# [What to produce]
Write the full listing out again, word for word, but omit the pictures.

# [Source material]
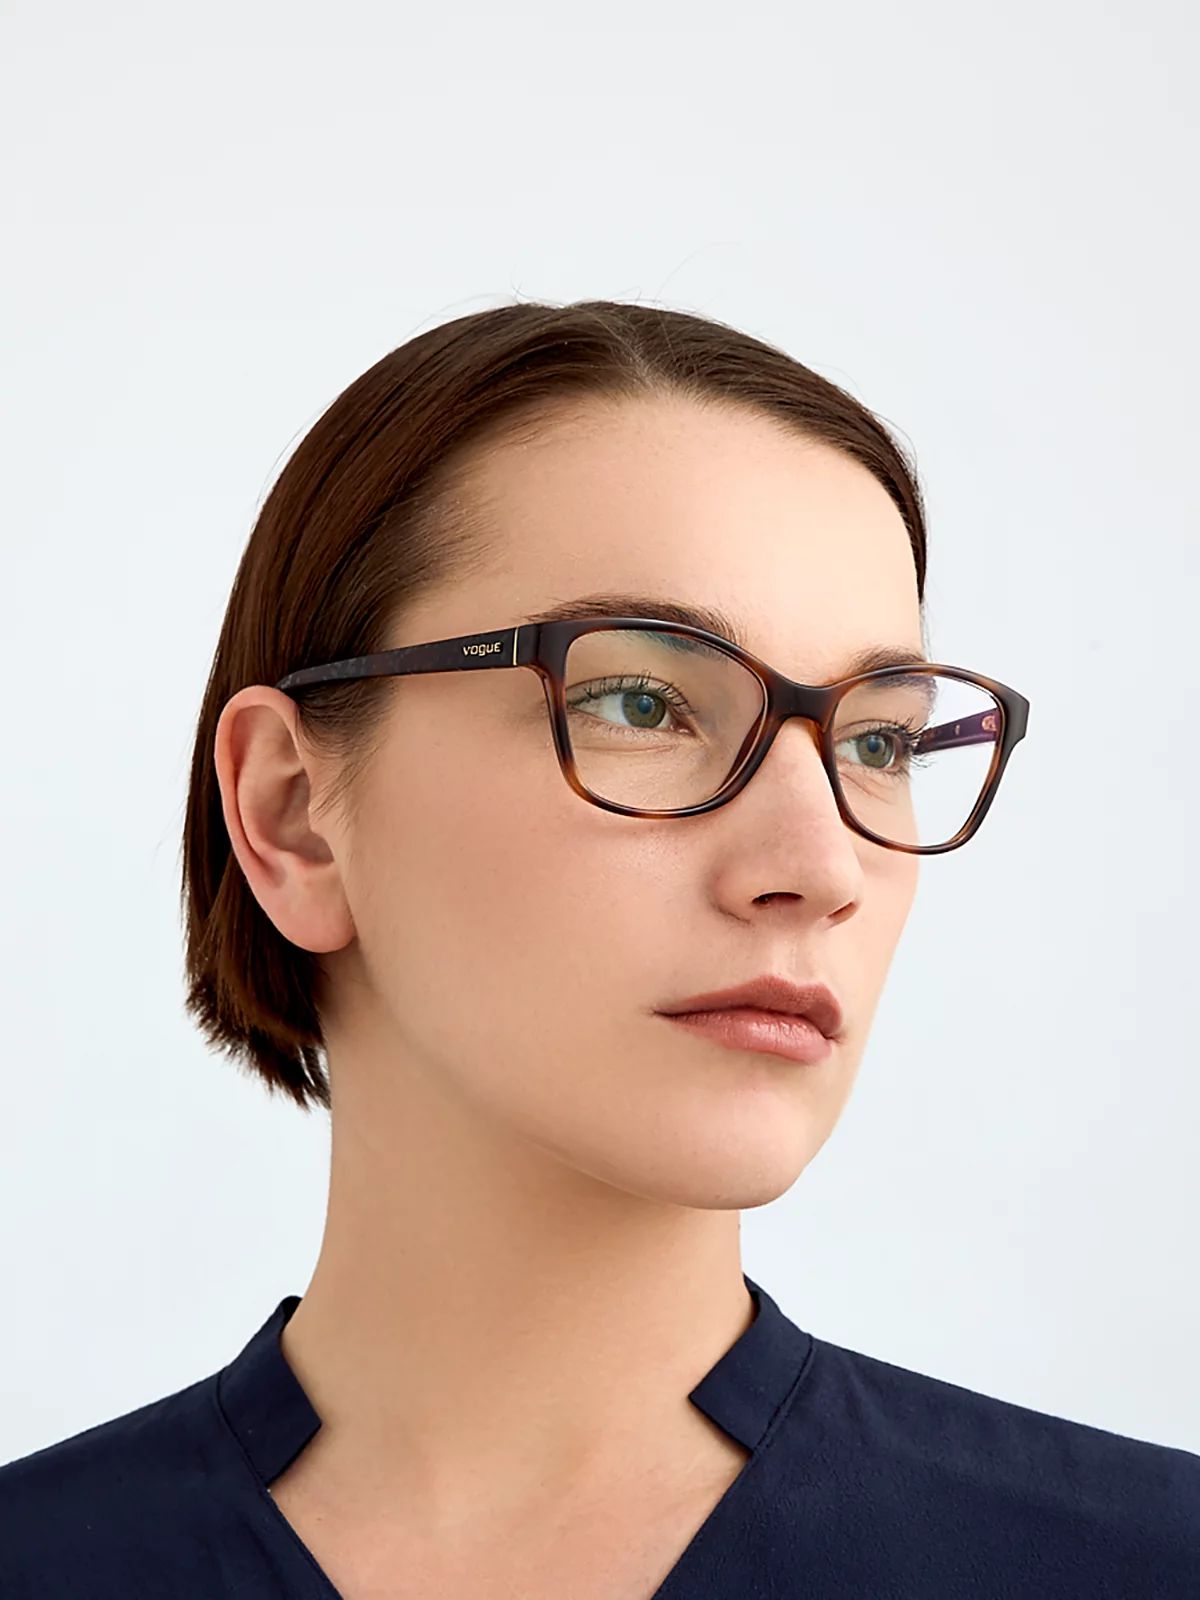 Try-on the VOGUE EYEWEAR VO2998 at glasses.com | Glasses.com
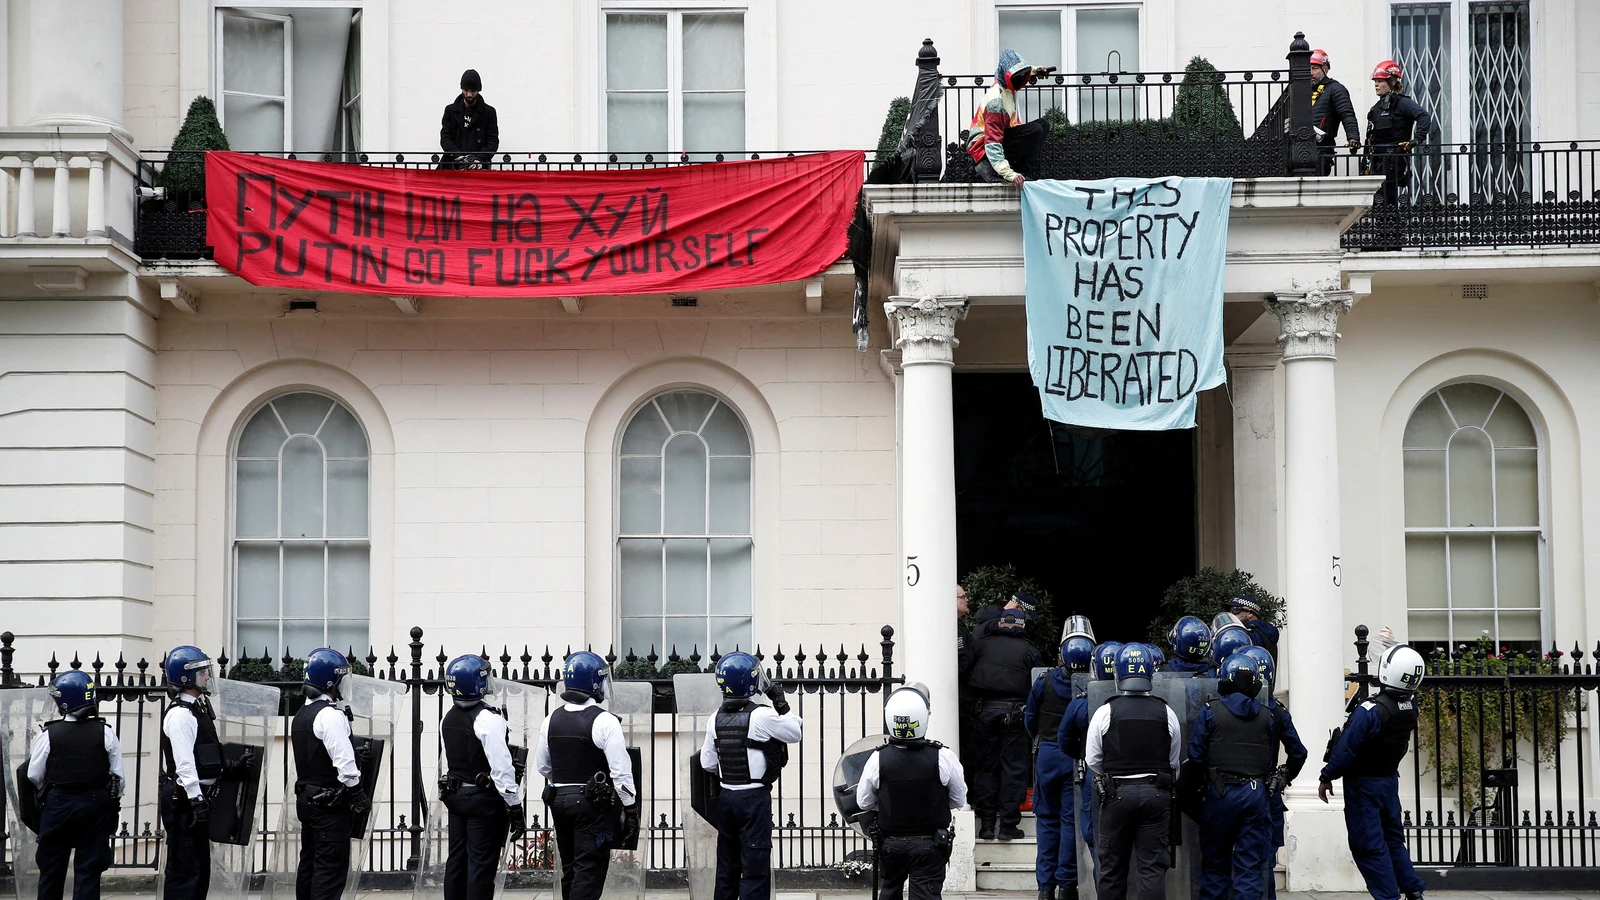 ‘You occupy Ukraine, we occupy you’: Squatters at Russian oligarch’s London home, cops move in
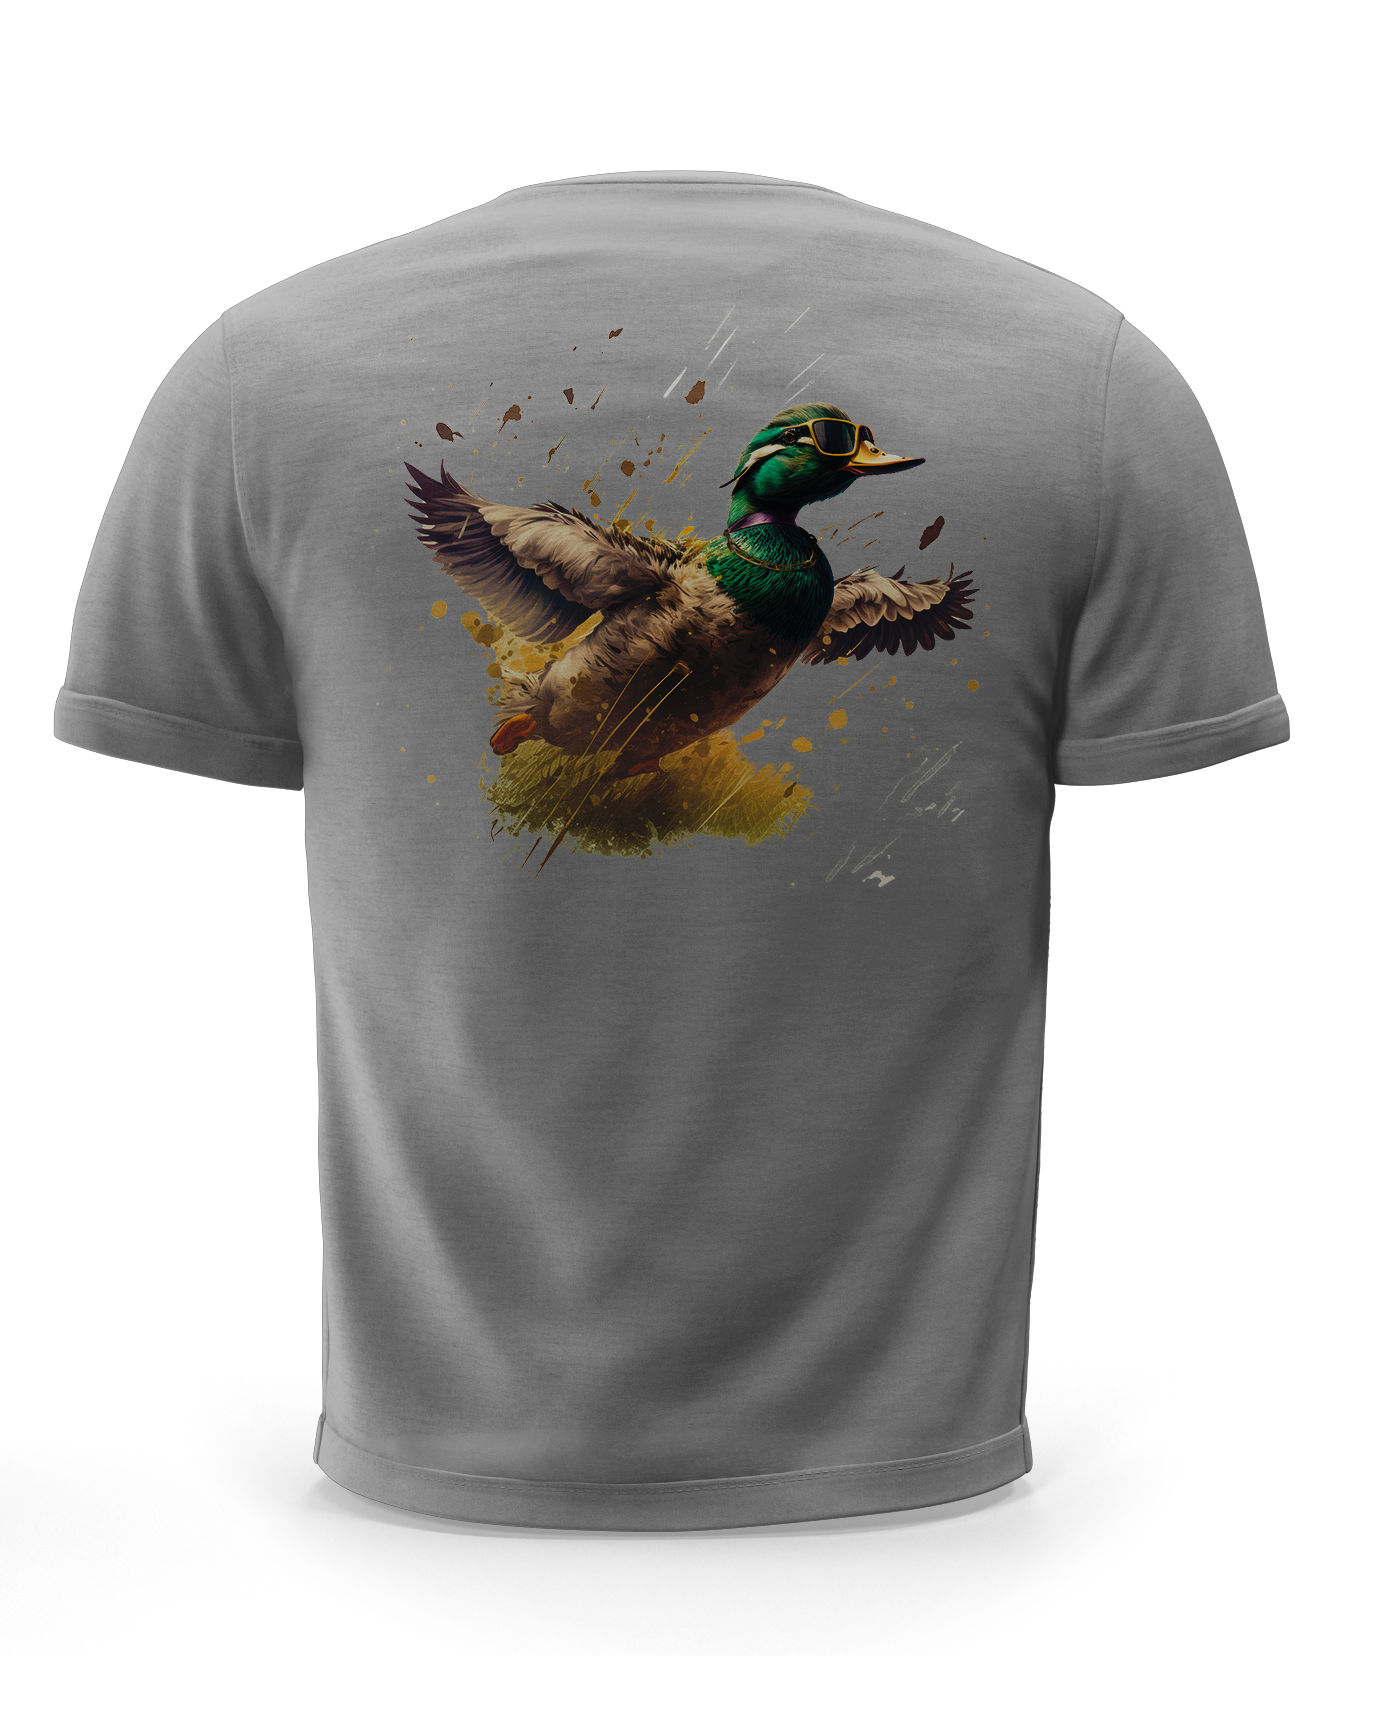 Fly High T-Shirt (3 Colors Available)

# [Exercise solution]
 Try-on the VOGUE EYEWEAR VO2998 at glasses.com | Glasses.com
 ‘You occupy Ukraine, we occupy you’: Squatters at Russian oligarch’s London home, cops move in
 Fly High T-Shirt (3 Colors Available)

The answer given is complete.